1. Angesichts der belegten wiederholten Verstöße der Türkei gegen die Chemiewaffenkonvention – namentlich der Einsatz von CS-Gas 1999 sowie die Lagerung von militärischen CS-Granaten bis mindestens 2010 – ist eine umfassende Untersuchung gegenwärtiger und vergangener Chemiewaffen-relevanter Aktivitäten bei den türkischen Streitkräften dringend erforderlich. Die türkische Regierung sollte die OPCW einladen, eine solche Untersuchung durchzuführen; sie sollte außerdem alle Unterlagen über vergangene Aktivitäten in diesem Bereich der OPCW zur Verfügung stellen sowie freien Zutritt zu allen relevanten Anlagen gewähren. Dabei muss auch der Status des Geheimbefehles aus dem Jahre 1986 untersucht werden. Solange die türkische Regierung dieses dunkle Kapitel der türkischen Republik nicht transparent aufarbeitet, wird sie auch künftig immer dem Verdacht ausgesetzt sein, verbotene Waffen im Kampf gegen die Kurden einzusetzen.

 

2. Die von der türkischen Regierung angekündigte Zerstörung der militärischen CS-Granaten muss von der OPCW kontrolliert werden.

 

3. Die Türkei muss eine Untersuchung der jüngsten Verdachtsfälle – namentlich zumindest die hier geschilderten Vorfälle in der Region Cukurca vom September 2009 sowie vom Oktober 2011 – durch eine unabhängige internationale Institution wie z.B. dem Roten Kreuz/Roter Halbmond zulassen. Alle relevanten Informationen, einschließlich der Autopsieberichte, müssen zur Verfügung gestellt werden. Eine Autopsie der noch in Malatya verbliebenen Leichen durch unabhängige Ärzte ist unverzüglich durchzuführen.

 

Wie eingangs betont, ist es weit verbreitet, den Vorwurf eines Chemiewaffen-Einsatzes als Propagandamittel einzusetzen. Transparenz und umfassende Offenlegung aller Fakten sind der einzige Schutz vor einer solchen Propaganda – und gleichzeitig der einzige Weg, künftige Einsätze chemischer Waffen zu verhindern und so die Beteiligten in gewaltsamen Konflikten vor diesen grausamen Waffen zu schützen.
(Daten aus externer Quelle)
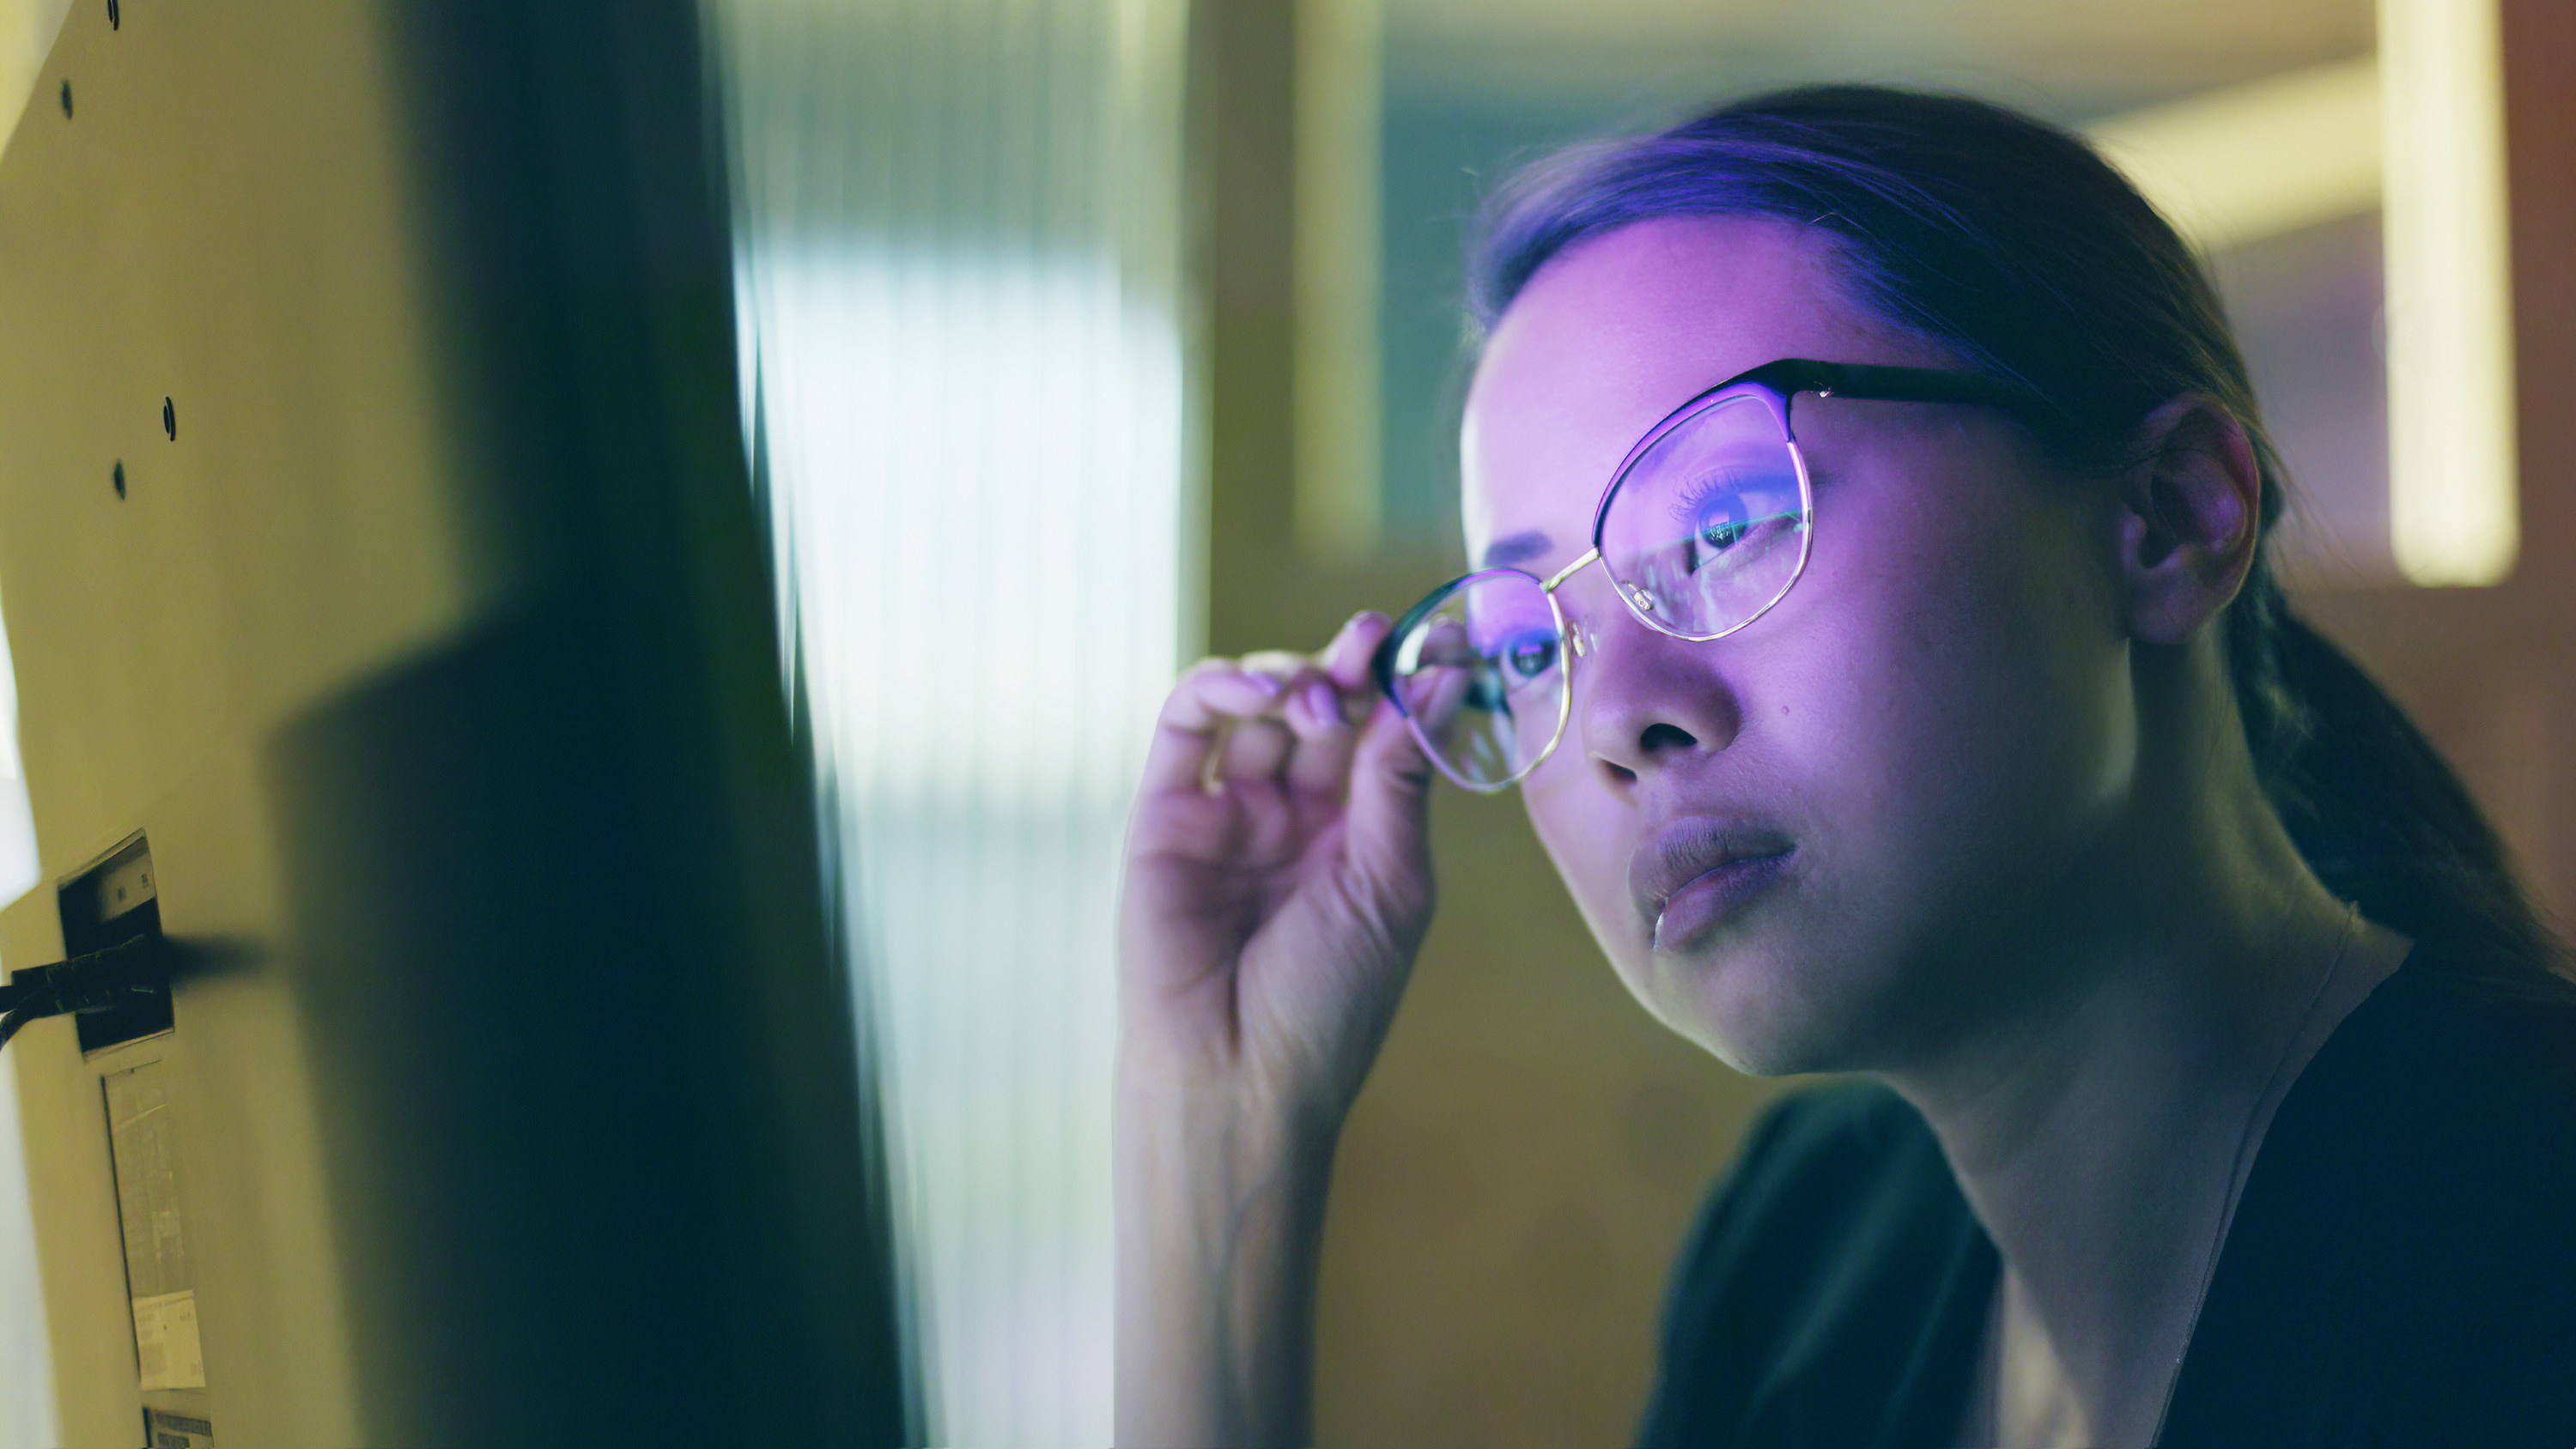 A woman stares at a computer screen

Angesichts der hier zusammengestellten Fakten ist die Türkei jetzt in einer Bringschuld und muss endlich nachweisen, dass sie in keinem Falle mehr chemische Waffen produzieren, lagern, weitergeben oder einsetzen wird.  Die Bundesregierung sowie die anderen Mitgliedsstaaten der CWC müssen Druck auf die türkische Regierung ausüben, ihren Verpflichtungen nachzukommen. Denn wer wiederholte Verletzungen der Konvention toleriert oder ignoriert, macht sich am Ende mitschuldig.

 

 

Der Autor

Dr. Jan van Aken ist Biologe. Er hat 1999 das Sunshine Project zur Kontrolle biologischer Waffen sowie 2003 die Forschungsstelle Biowaffen an der Universität Hamburg gegründet. 2004 hat er einen Bericht über chemische und biologische Waffenforschung in der Türkei veröffentlicht. 2004-2006 war er Biowaffeninspektor bei den Vereinten Nationen. Seit 2009 ist er Mitglied des Deutschen Bundestages für die Partei DIE LINKE.



[1]           Siehe http://www.youtube.com/watch?v=sDR_6YcUC_E. Eine Version mit deutschen Untertiteln findet sich  unter http://www.youtube.com/watch?v=oansyFqx3e8.

[2]           Im türkischen Original: „…askerlerimiz su anda zehirlenme tehlikesiyle karsi karsiyalar.  Ama yine de canavarca, kahramanca giriyorlar....“ (5:28 im türkischen / 5:36 im deutschen Videos) sowie „Bir gün ara vermenize ragmen gaz hala etkisini sürdürüyor.“ (5:22 im türkischen, 6:12 im deutschen Video).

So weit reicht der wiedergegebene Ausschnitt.